**Data excerpt:**

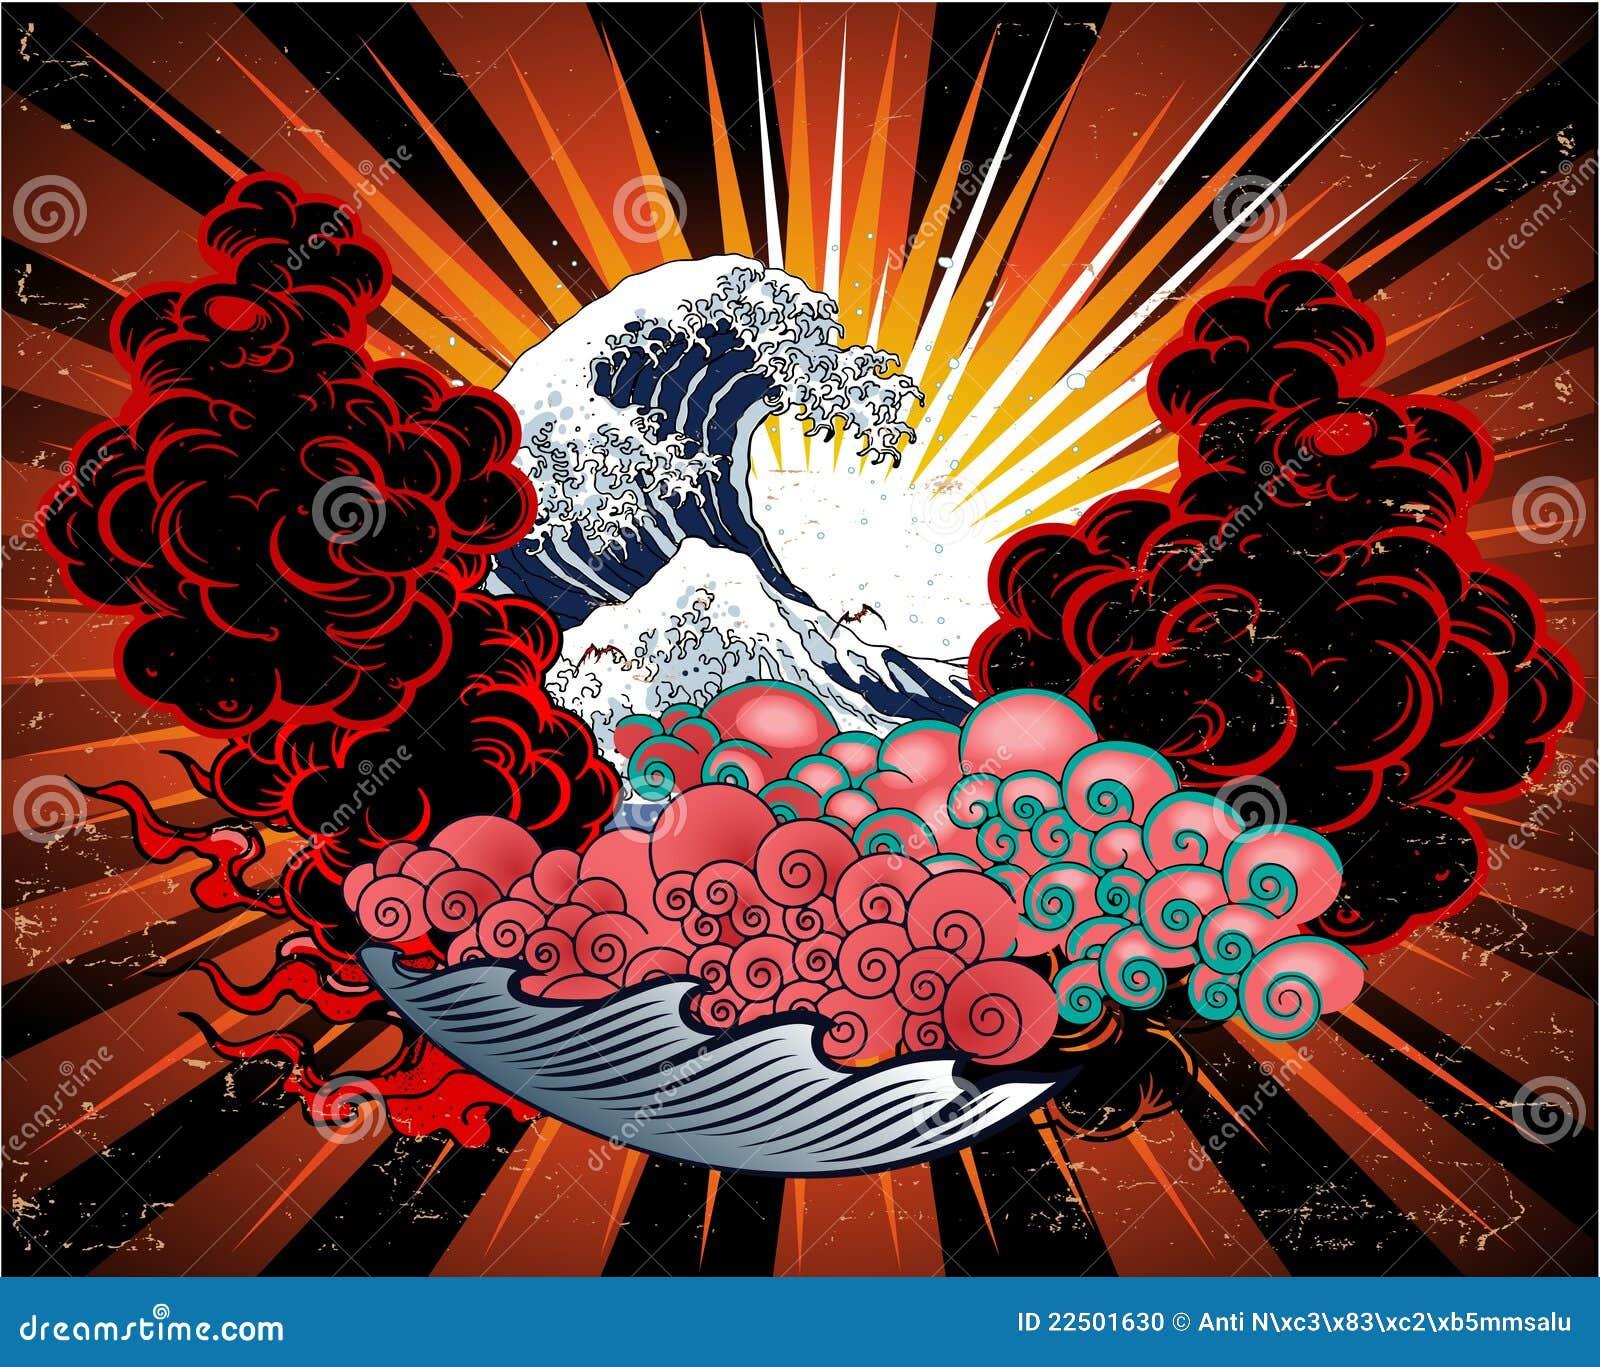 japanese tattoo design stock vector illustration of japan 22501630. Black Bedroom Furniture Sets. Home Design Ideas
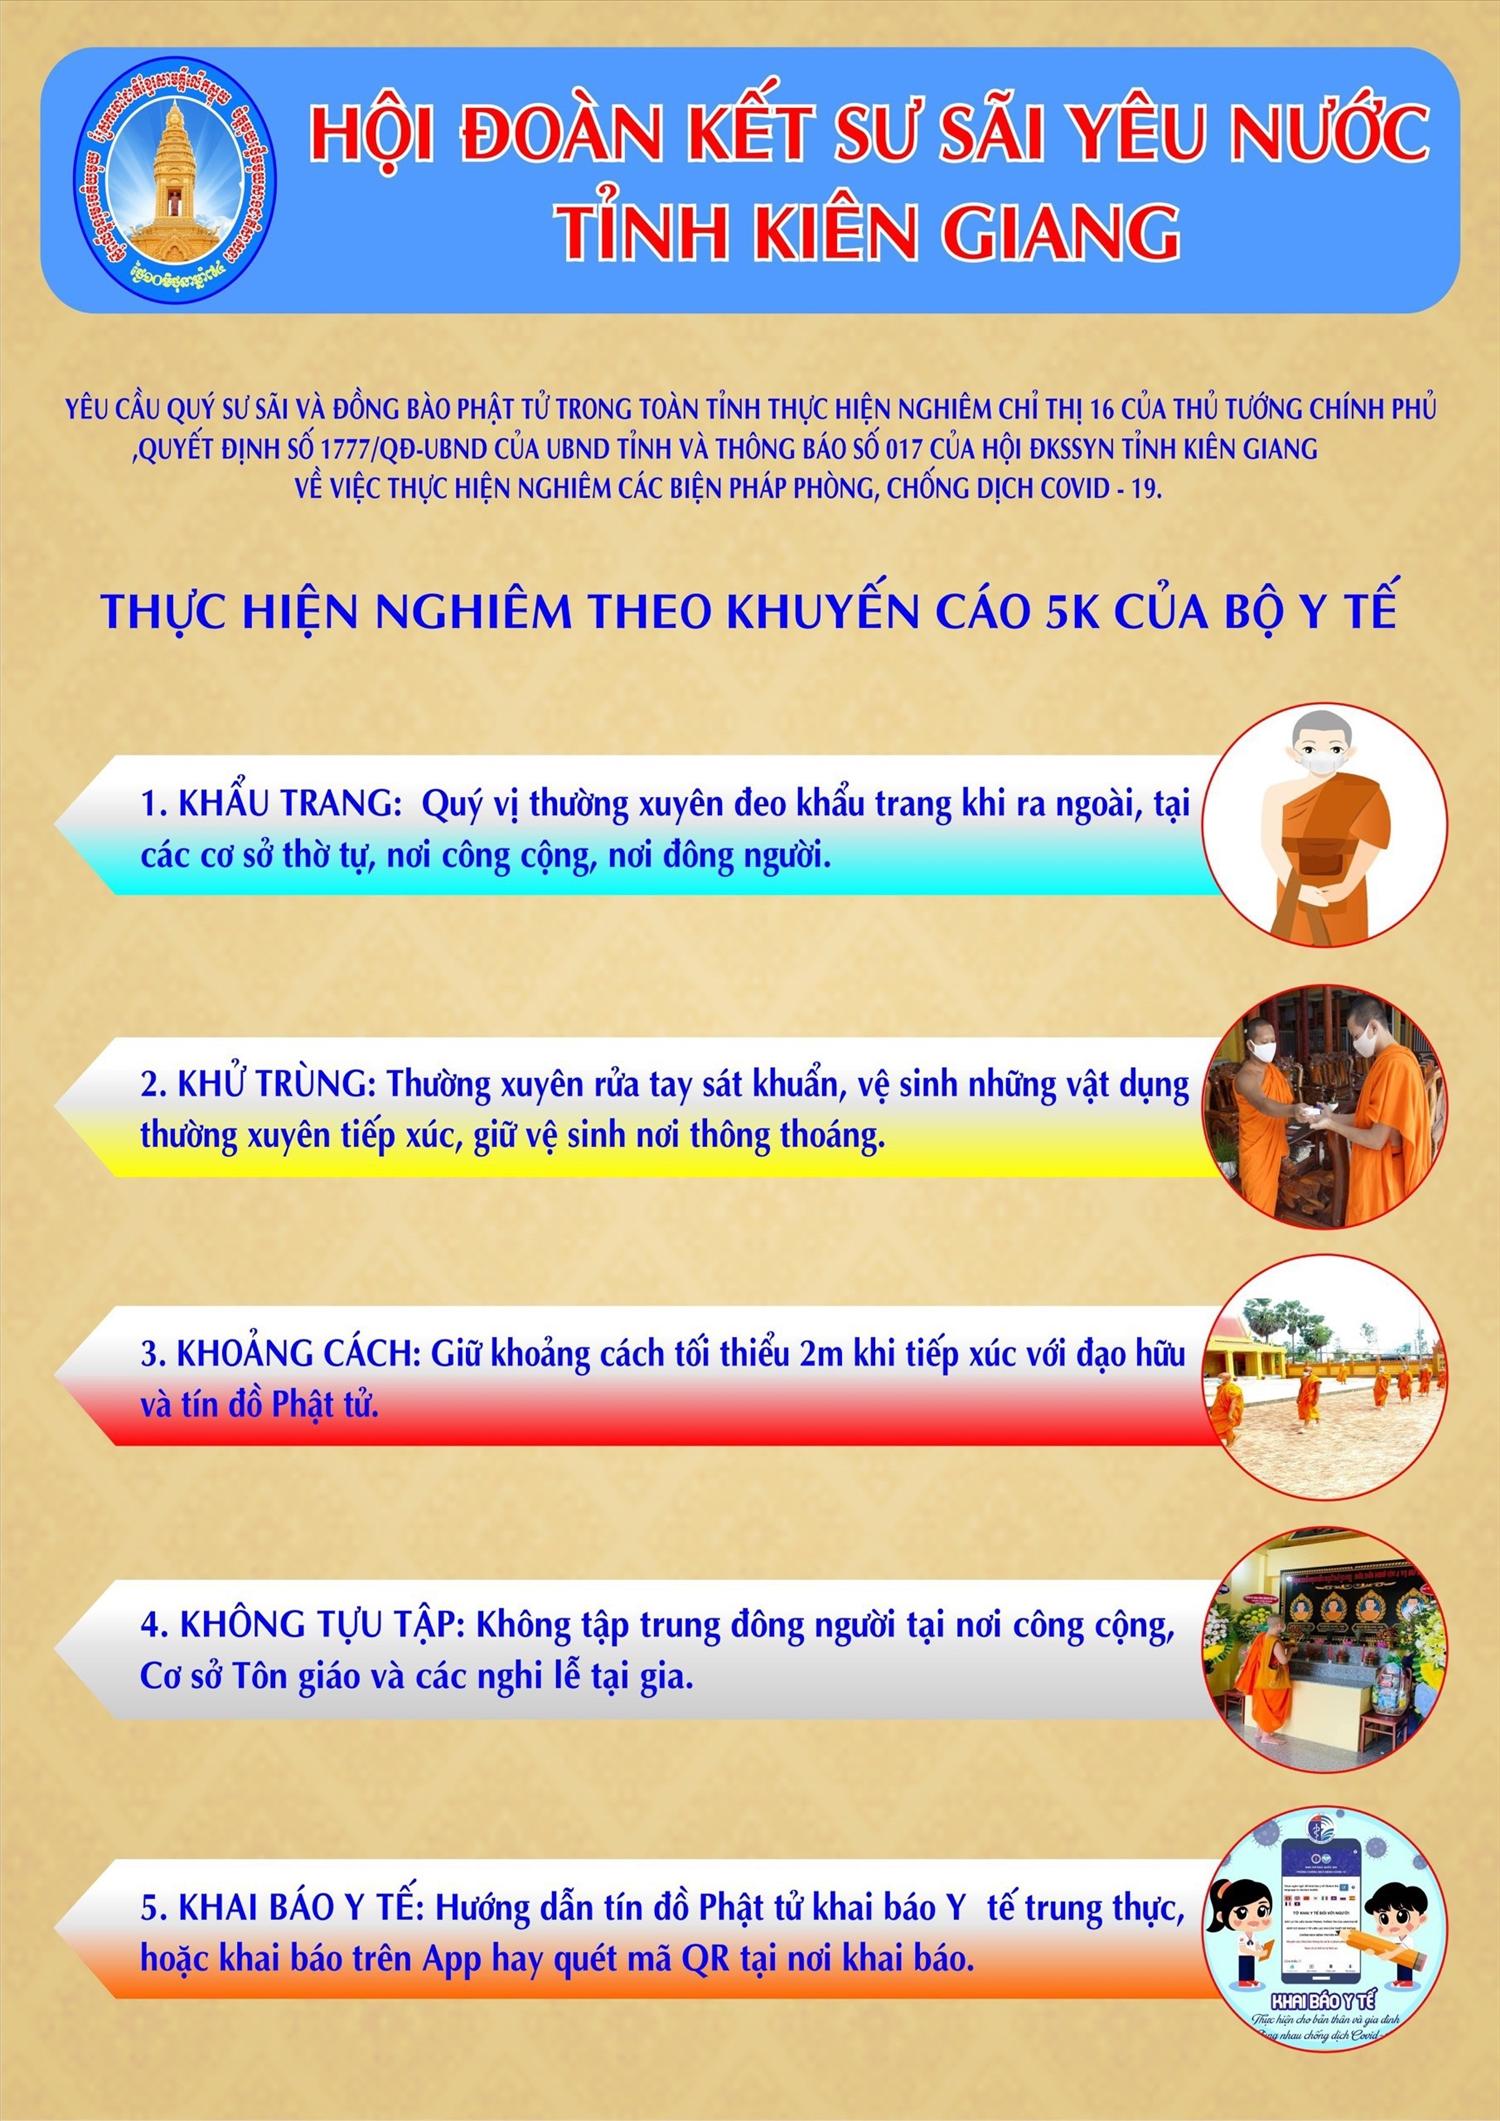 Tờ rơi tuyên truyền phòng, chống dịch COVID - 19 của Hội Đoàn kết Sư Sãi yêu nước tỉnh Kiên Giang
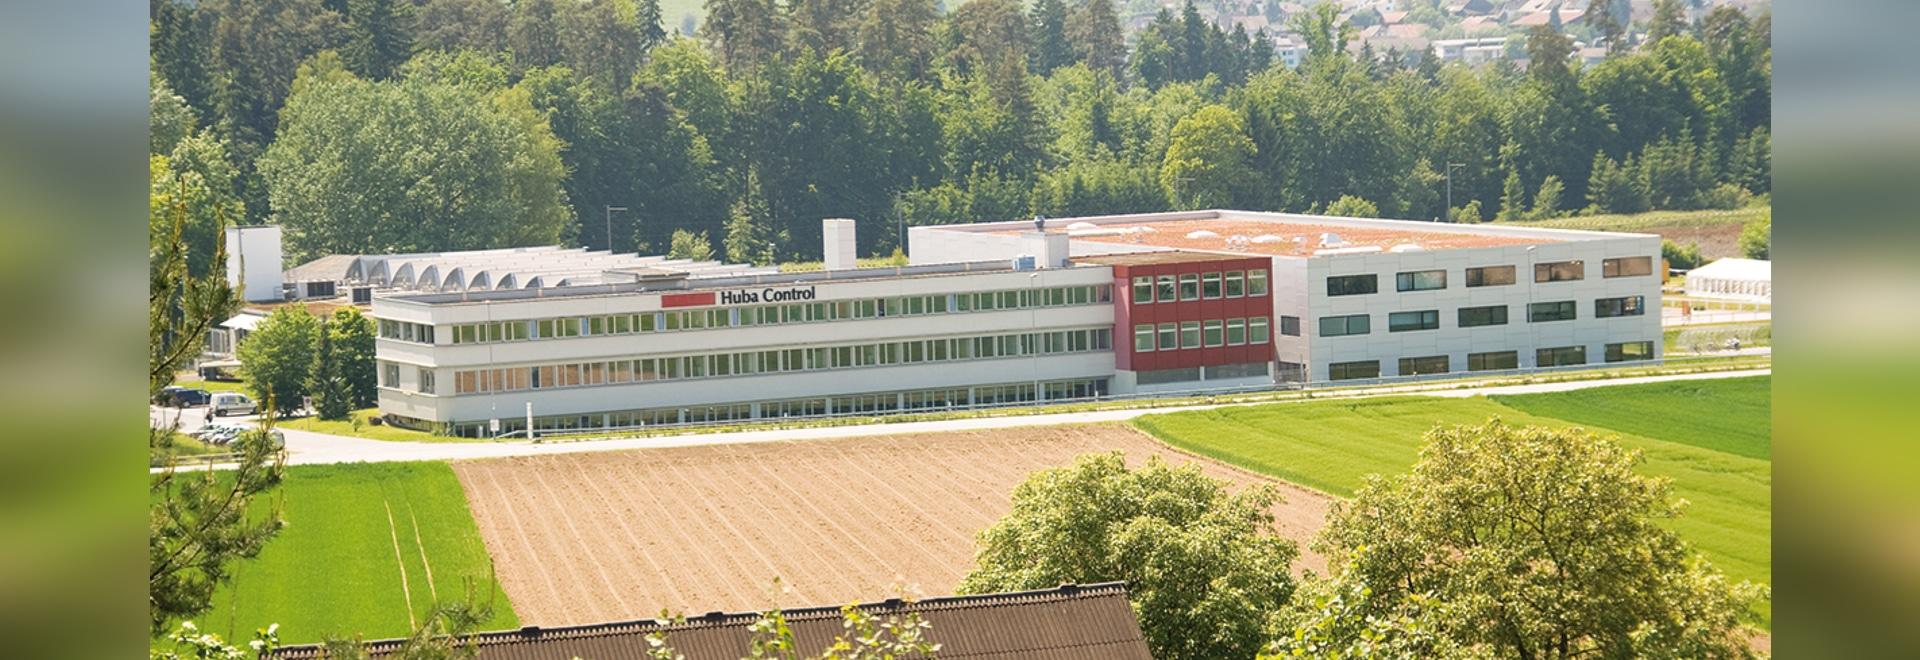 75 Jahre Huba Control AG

**Task description:** All of the lines above must be repeated without alteration, though the pictures are to be excluded.

**Task output:**
 japanese tattoo design stock vector illustration of japan 22501630. Black Bedroom Furniture Sets. Home Design Ideas
 Tờ rơi tuyên truyền phòng, chống dịch COVID - 19 của Hội Đoàn kết Sư Sãi yêu nước tỉnh Kiên Giang
 75 Jahre Huba Control AG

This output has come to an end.